**EXERCISE**
Restate word for word all of the lines below, with each image left out.

**DATASET SECTION**
-*-

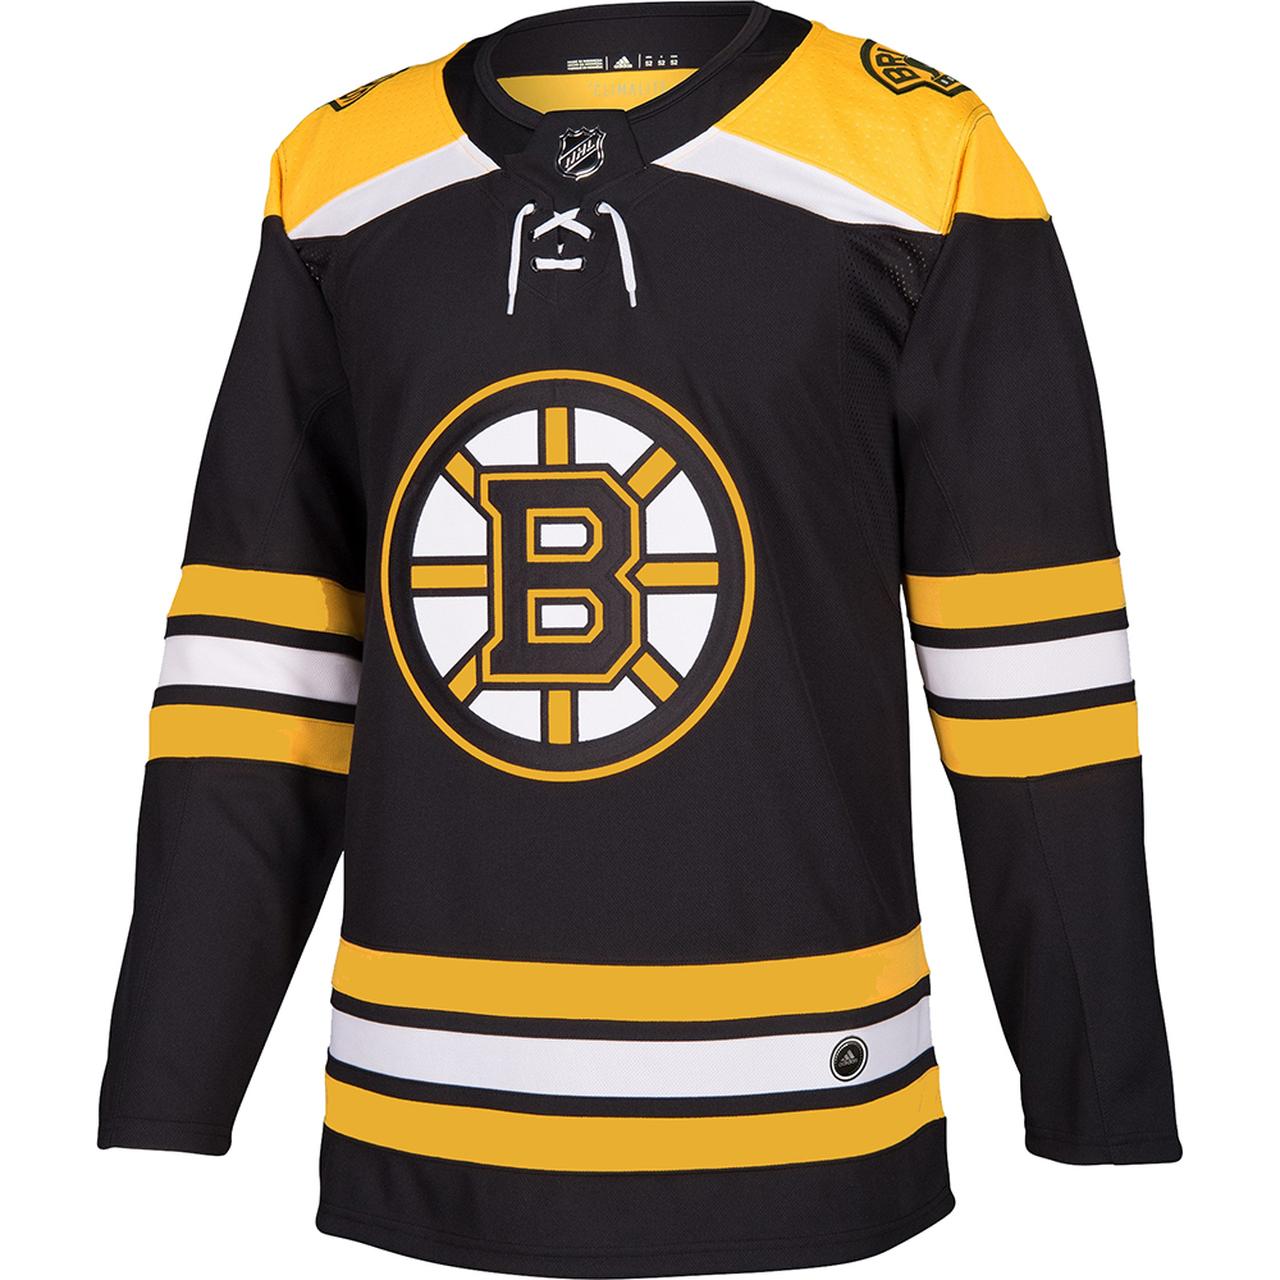 adidas Authentic NHL Pro Hockey Jersey Deals
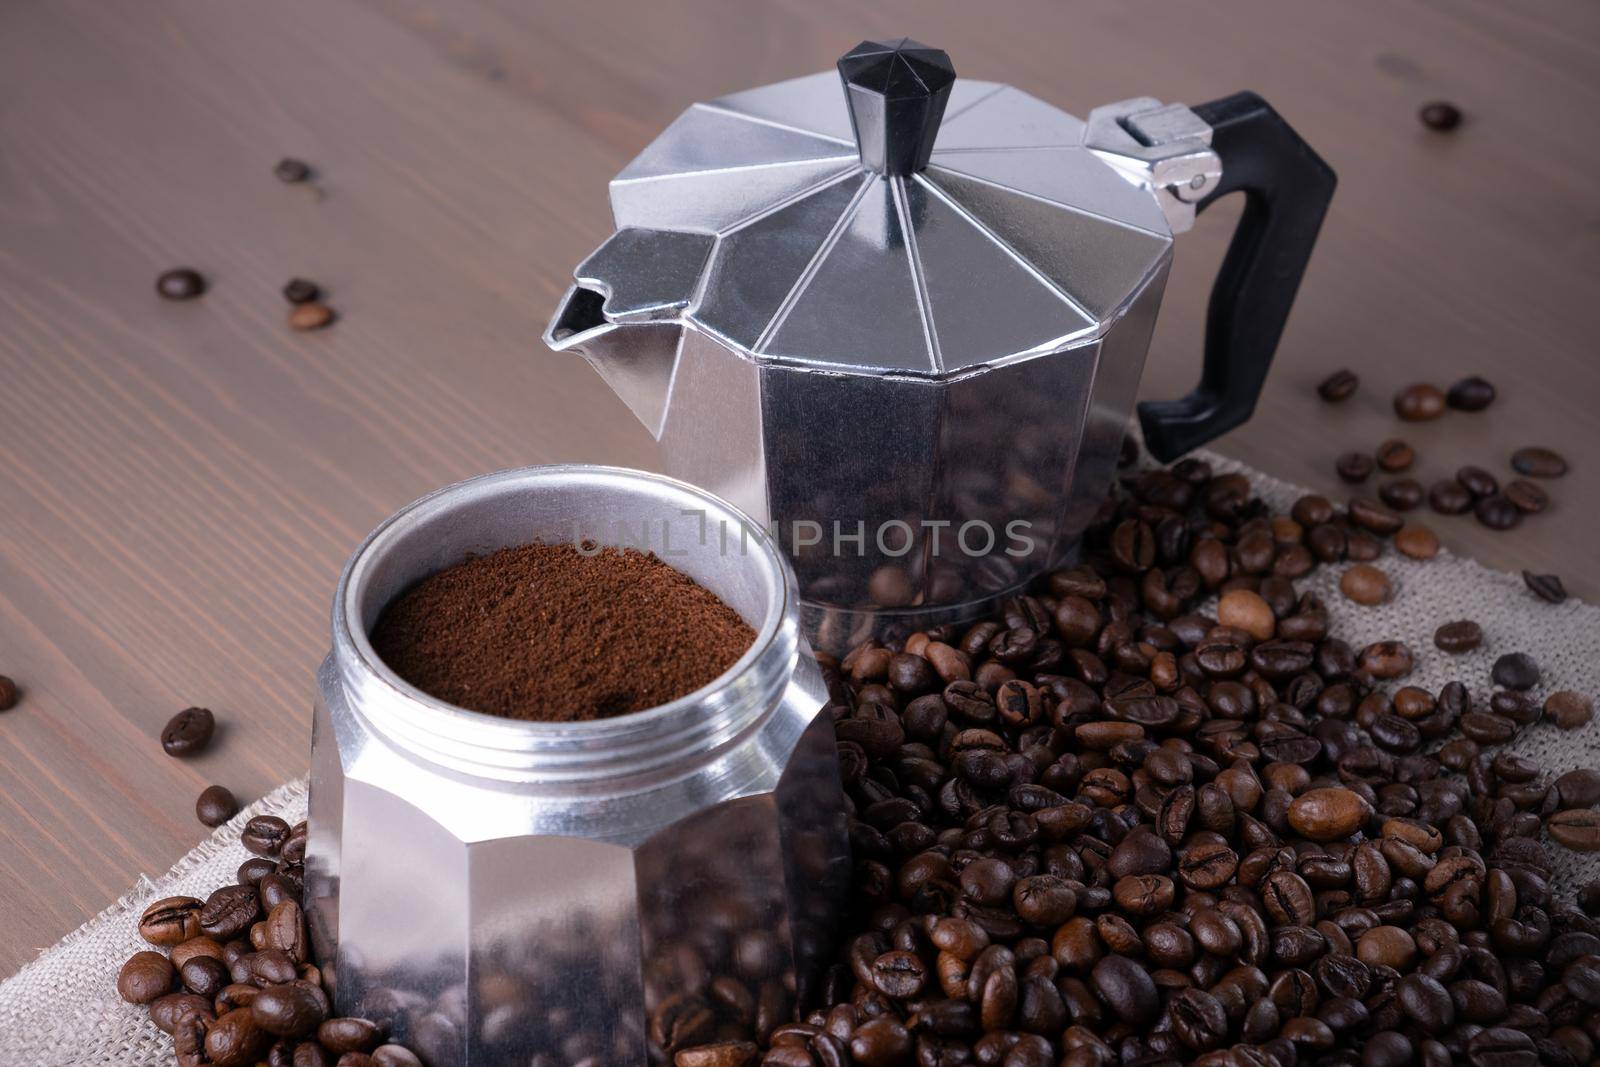 Close-up of disassembled geyser coffee maker on wooden surface. Coffee beans in pile, ground and brewed coffee. Coffee preparation. Selective focus.
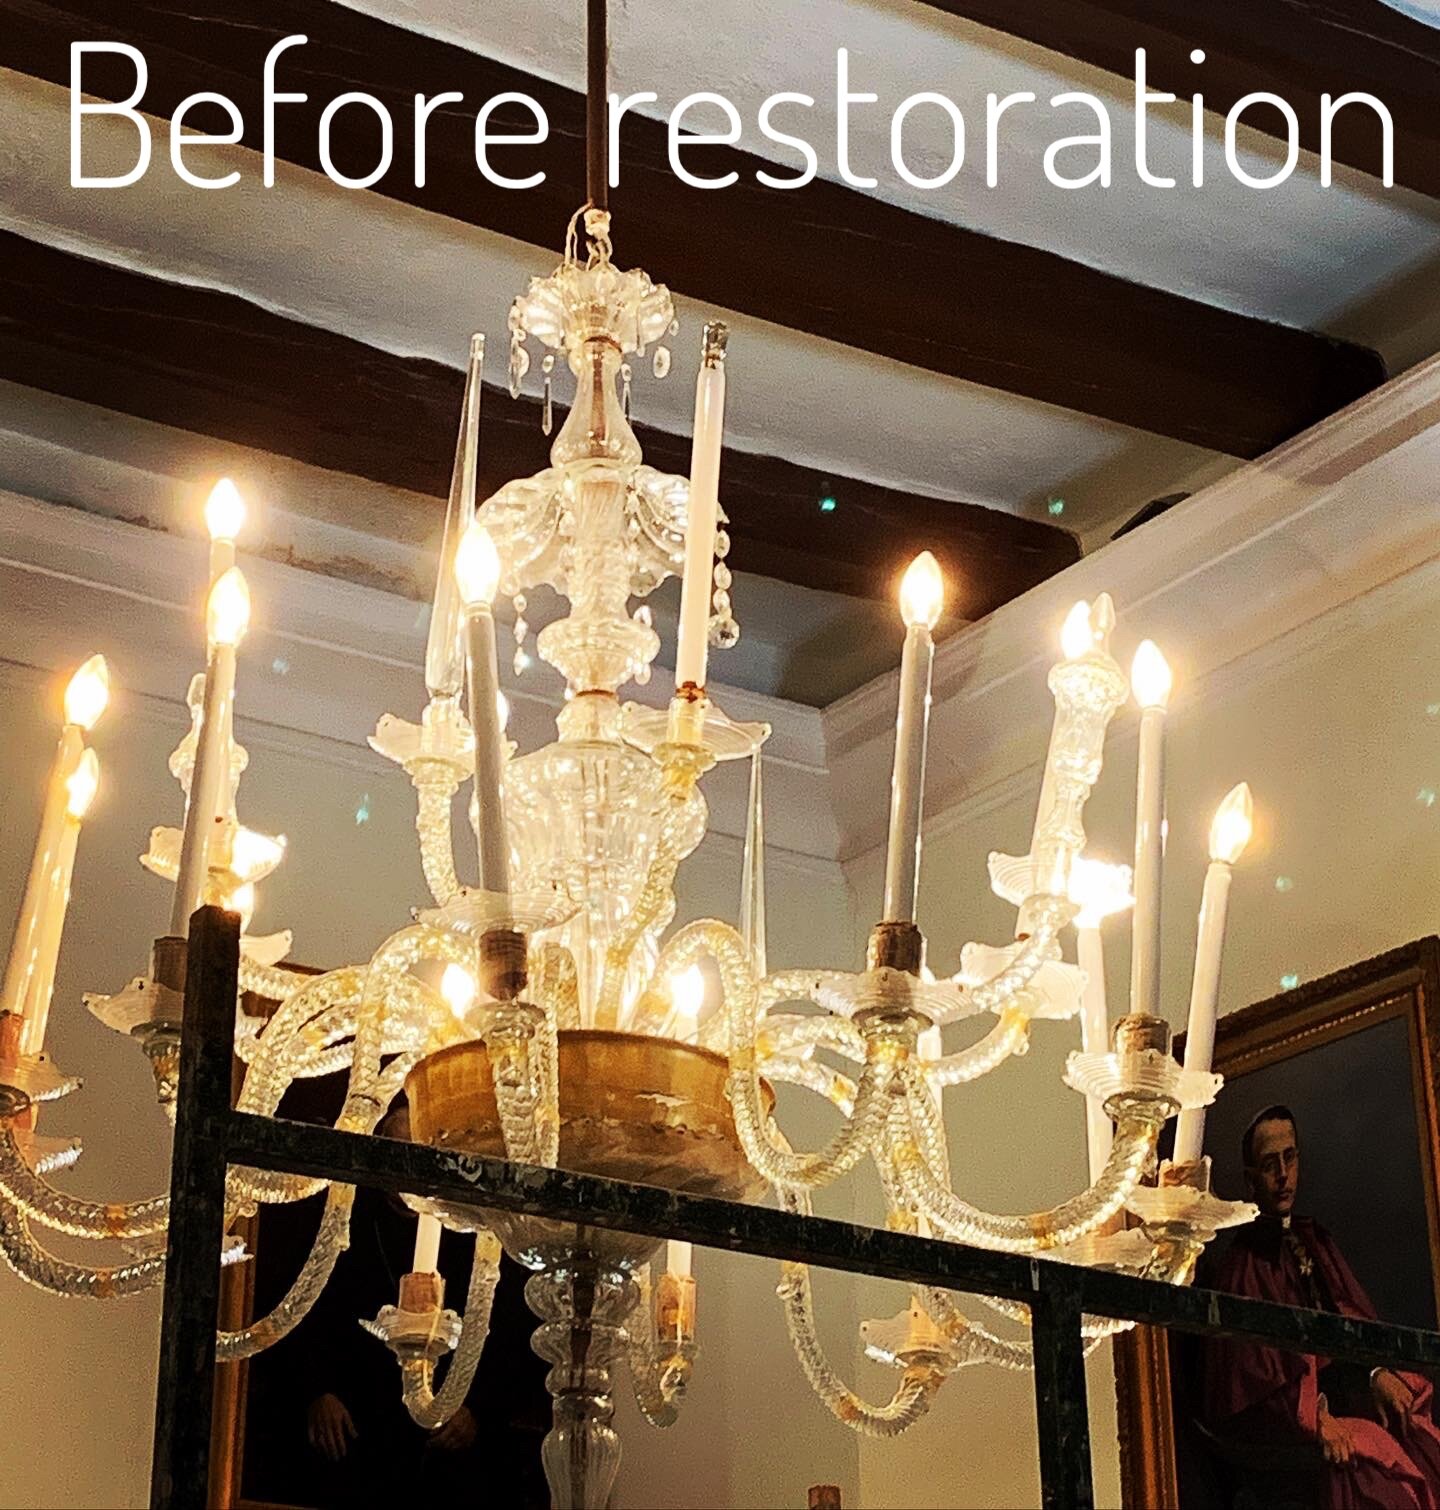 View of the chandelier before restoration
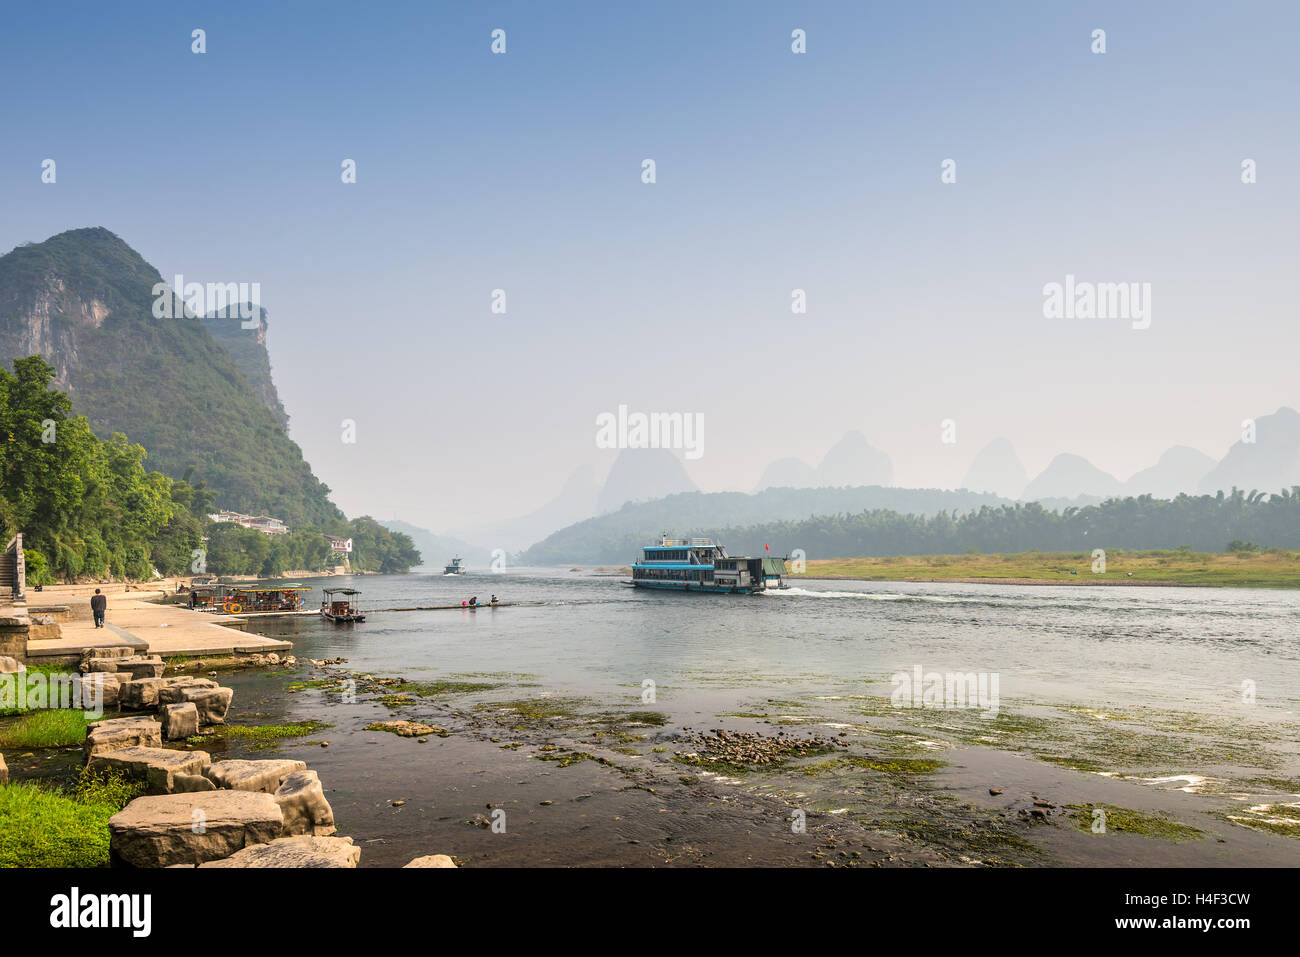 Pier for boats in the tourist town Yangshuo on the banks of Li river in China Stock Photo

-*-

**TASK RESPONSE**
 adidas Authentic NHL Pro Hockey Jersey Deals
 Close-up of disassembled geyser coffee maker on wooden surface. Coffee beans in pile, ground and brewed coffee. Coffee preparation. Selective focus.
 View of the chandelier before restoration
 Pier for boats in the tourist town Yangshuo on the banks of Li river in China Stock Photo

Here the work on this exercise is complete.